Applicable Conditions:
Variable Type: Both variables should be continuous.
Linear Relationship: The relationship between the variables should be linear.
Normal Distribution: Both variables should approximately follow a normal distribution (especially in small sample sizes).
No Outliers: Outliers can significantly impact the correlation coefficient.

Spearman Correlation Analysis

It is a non-parametric statistical method used to assess the monotonic relationship (not necessarily linear) between two variables. It is based on the ranks (order) of the variables rather than the raw data values, making it suitable for non-linear relationships or when the data does not follow a normal distribution.

r = 1: Perfect monotonic positive correlation, where the rank of one variable increases as the rank of the other variable increases.
r = -1: Perfect monotonic negative correlation, where the rank of one variable decreases as the rank of the other variable increases.
r = 0: No monotonic correlation.

Applicable Conditions:
Variable Type: Suitable for continuous variables or ordinal categorical variables.
Monotonic Relationship: Can detect monotonic relationships (whether linear or non-linear).
No Normal Distribution Requirement: No strict requirements on data distribution, suitable for non-parametric data.
Less Sensitive to Outliers: Since it is based on ranks, Spearman correlation analysis is less sensitive to outliers.

GSVA

GSVA (Gene Set Variation Analysis) is a non-parametric method used to assess the enrichment of gene sets in samples. It converts gene expression data into gene set enrichment scores (GSVA scores), thereby evaluating the activity of gene sets at the sample level. The core function of GSVA is gsva(), which has four main method parameters:

"gsva": The default method, a non-parametric approach based on kernel density estimation.
"ssgsea": Single Sample GSEA, suitable for small sample data.
"zscore": A standardization method based on Z-scores.
"plage": A method based on PCA.

Selection of the kcdf parameter:
"Gaussian": Assumes that the expression data is continuous (e.g., log2-transformed data).
"Poisson": Assumes that the expression data is discrete (e.g., raw count data).

ROC Analysis (Receiver Operating Characteristic Analysis)

It is a statistical method used to evaluate the performance of classification models, widely applied in medical diagnosis, machine learning, bioinformatics, and other fields. ROC analysis assesses the discriminative ability of a model by plotting the ROC curve and calculating the area under the curve (AUC).

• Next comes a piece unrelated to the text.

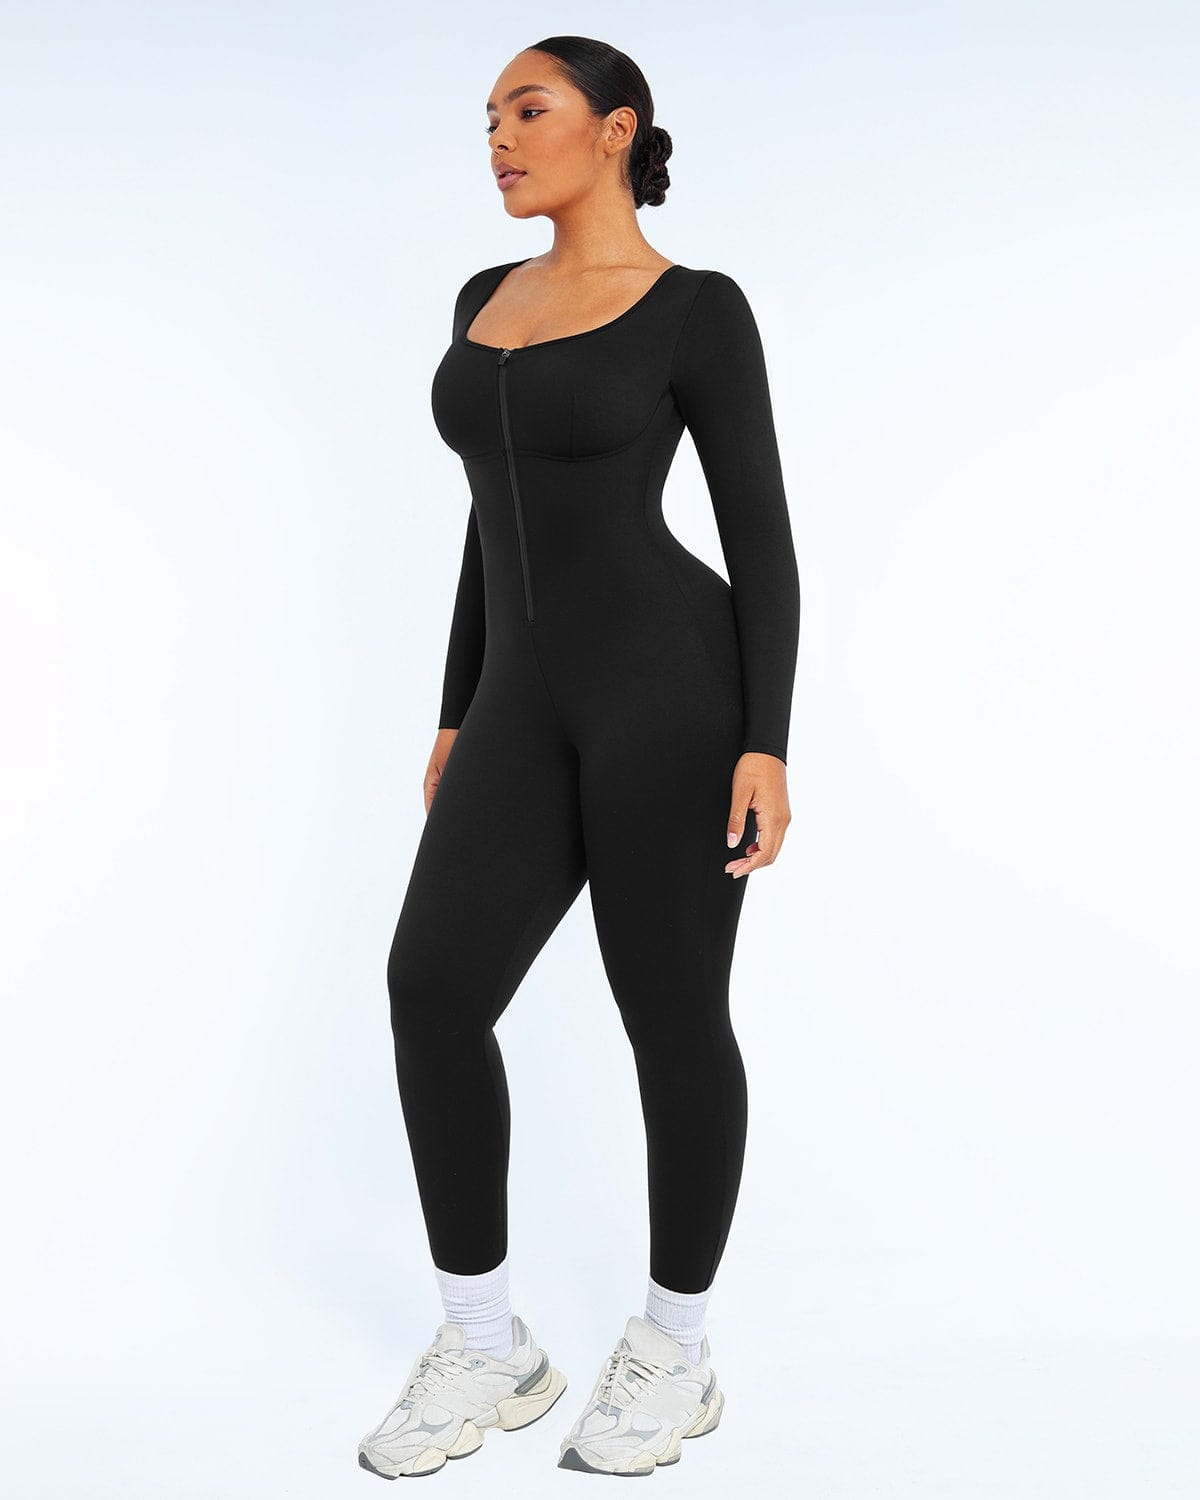 AirSlim® Long Sleeve Sport Shaping Jumpsuit

Classification Model: A model used to classify samples into two categories (e.g., positive/negative).
True Positive Rate (TPR): Also known as sensitivity, it represents the proportion of actual positive samples correctly classified.
False Positive Rate (FPR): The proportion of actual negative samples incorrectly classified as positive.
ROC Curve: A curve plotted with FPR on the x-axis and TPR on the y-axis, reflecting the classification performance of the model at different thresholds. The larger the AUC value, the better the model performance.

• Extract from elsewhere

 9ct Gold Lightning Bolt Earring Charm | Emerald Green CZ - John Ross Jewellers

Interpretation of the ROC Curve:
Ideal Case: The ROC curve is close to the top-left corner, with an AUC value of 1, indicating that the model has perfect classification ability.
Random Guessing: The ROC curve is a diagonal line (AUC=0.5), indicating that the model has no classification ability.
Actual Case: The ROC curve lies between the diagonal line and the top-left corner, with the AUC value being closer to 1 indicating better model performance.

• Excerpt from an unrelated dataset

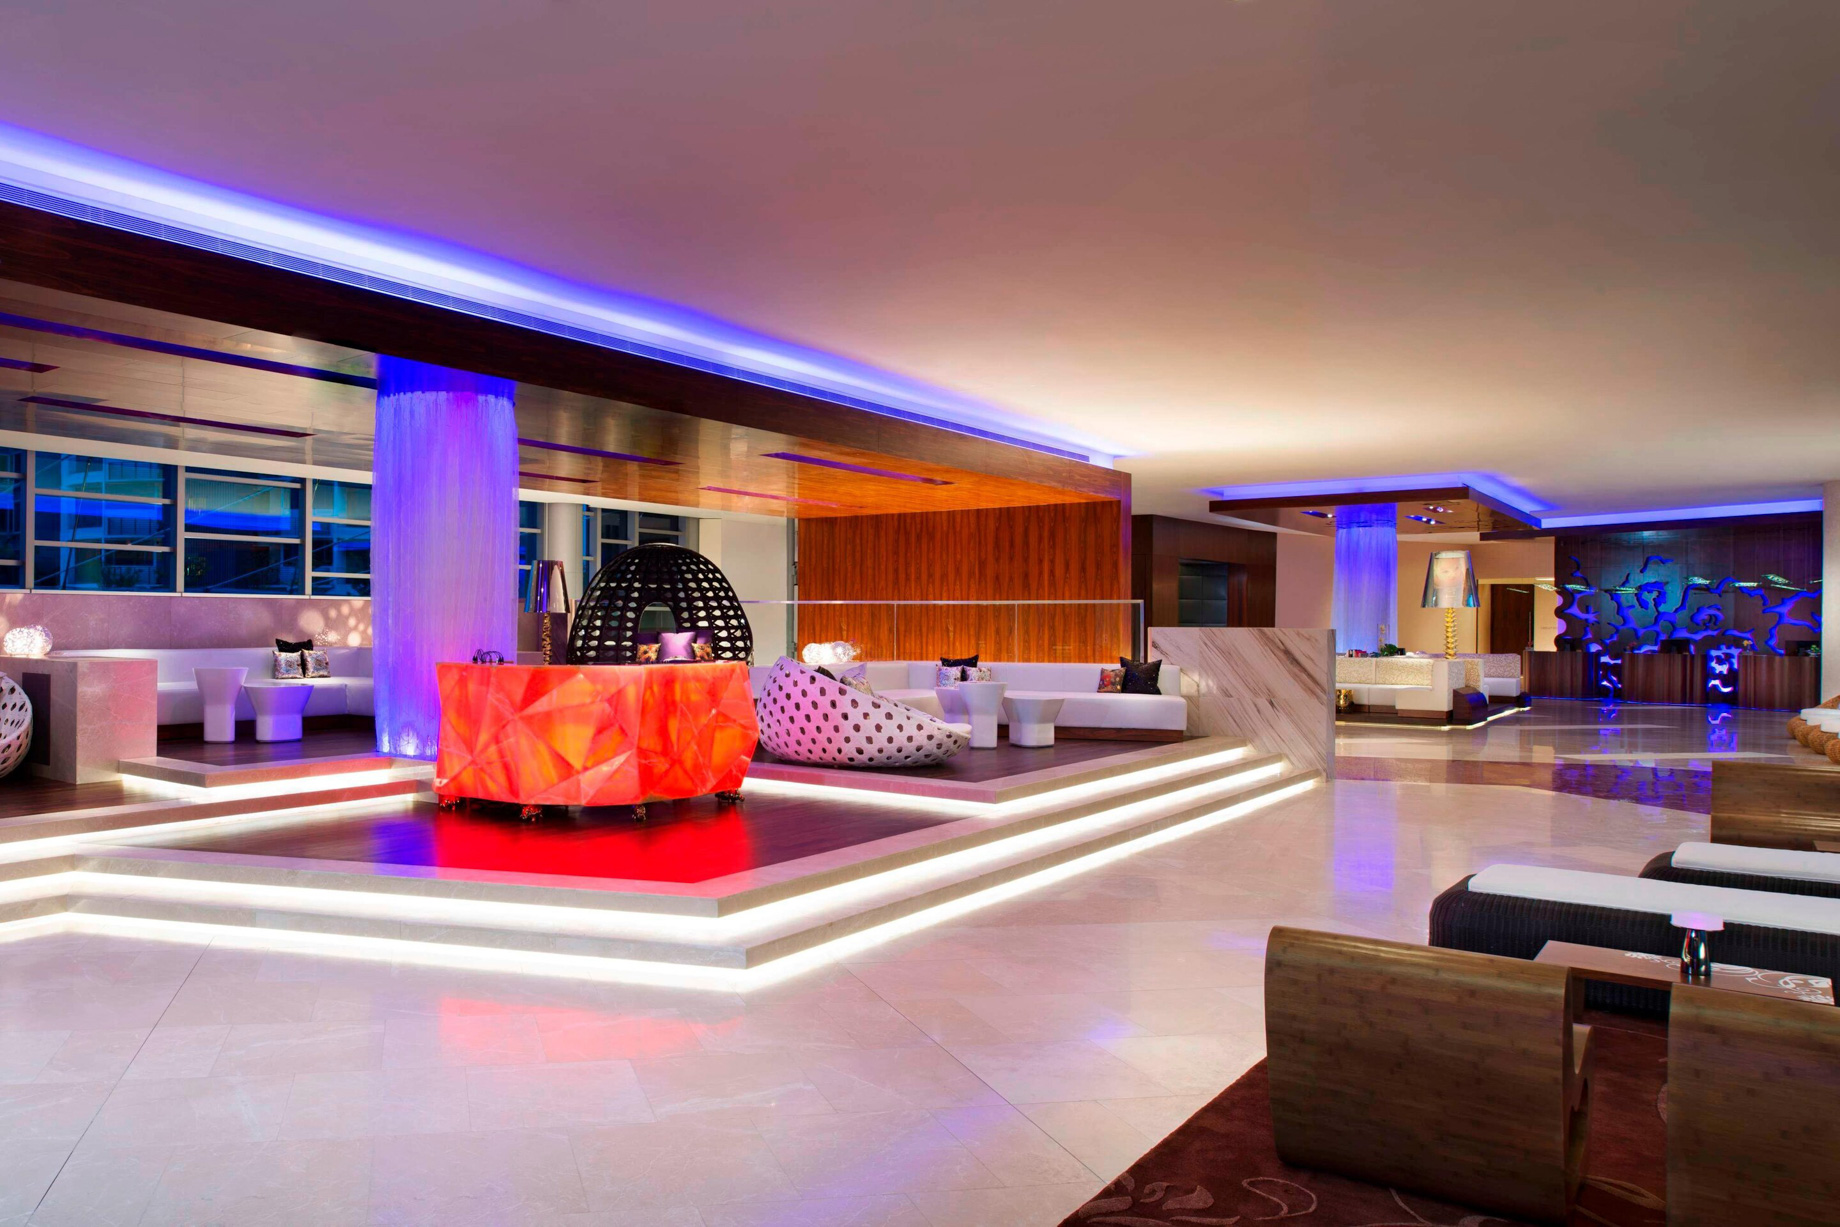 W Singapore Sentosa Cove Hotel – Singapore – W Lounge DJ Booth

Significance of AUC Value:
AUC = 1: The model perfectly distinguishes between positive and negative classes.
AUC > 0.9: The model has excellent performance.
AUC > 0.8: The model has good performance.
AUC > 0.7: The model has acceptable performance.
AUC = 0.5: The model has no discriminative ability.

Our Work

SkinDB is dedicated to establishing optimal bioinformatics practices to minimize unwanted batch effects while preserving biological signals. These refined characterizations can subsequently be leveraged to predict outcomes in unseen experimental scenarios.